Something strange with this photo. Are AMD chips actually made in China? I’ll let you figure this one out.
Taken from Videocardz … So here it is, the Ryzen 7 4700G APU we have been seeing in numerous leaks over the past month. Our source claims that the product is a final version and it shouldn’t be long before we see Renoir AM4 in stores. This marks the moment when AMD enters a new market segment, high-performance APUs. So far only 4-core/8-thread APUs were available with up to 11 Compute Units.

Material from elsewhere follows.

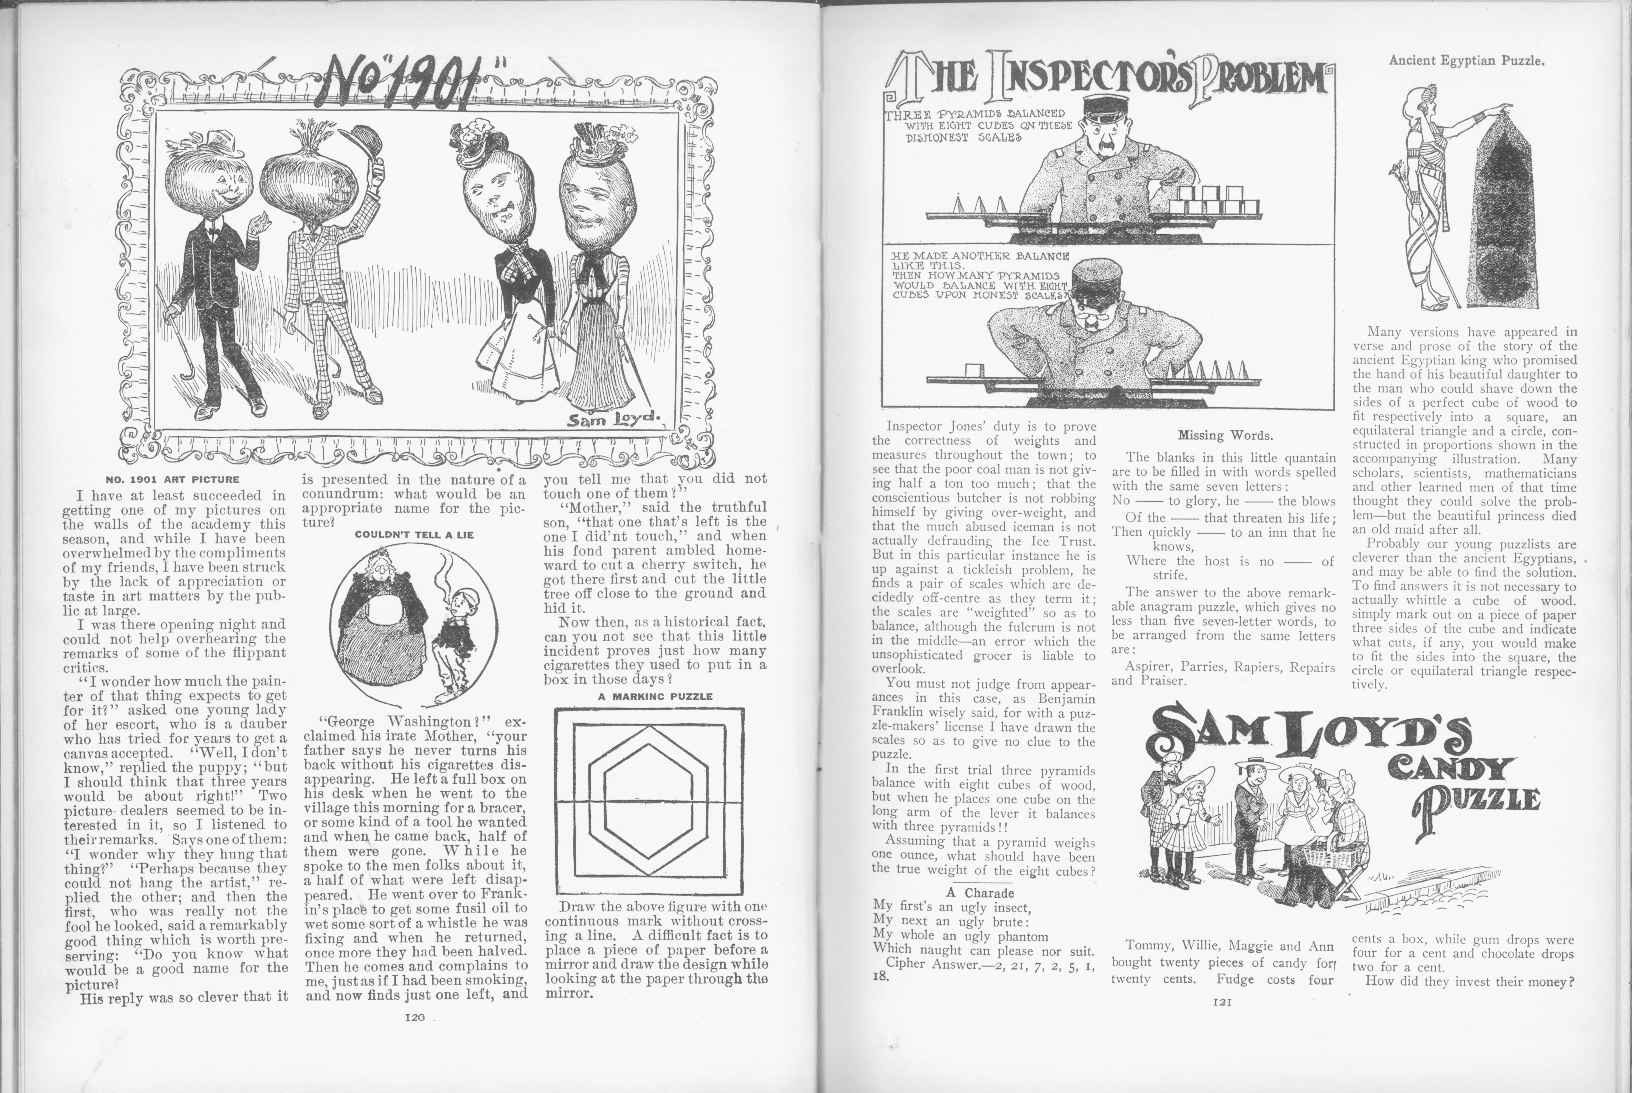 Sam Loyd - Cyclopedia of Puzzles - page 120-121

AMD and Intel have taken different paths with their “Matisse” and “Comet Lake-S” series. AMD decided not to integrate graphics in the mainstream CPUs. This has surely simplified the lineup and allowed AMD to focus entirely on the Zen design. The integration of the CPU and GPU is always tricky and for that reason, we have still not seen any Navi APUs, as all Ryzen “G” series APUs are based on Radeon Vega.
Intel, on the other hand, still adds GPUs to the entire “S-Series” stack, even to the highest SKU in the lineup (aka i9-10900K). However the design of the Gen9.5 graphics has not changed in years, it is simply a refreshed and renamed product with 192 cores.
The 4700G is an AMD Renoir silicon based on Zen2 architecture (7nm). The current-gen 3x00G series is based on “Picasso” silicon with Zen+ cores (12nm). On paper, bar the obvious core-count upgrade, the new CPU appears to offer higher clocks for both the CPU and GPU cores.
The major difference is the GPU core count, as the new silicon only offers up 8 Compute Units. The previous generation went up to 11 CUs. AMD has already explained this during Mobile Renoir launch, that despite fewer CUs, graphics performance is still better due to various optimizations – GPU clock being the most obvious one.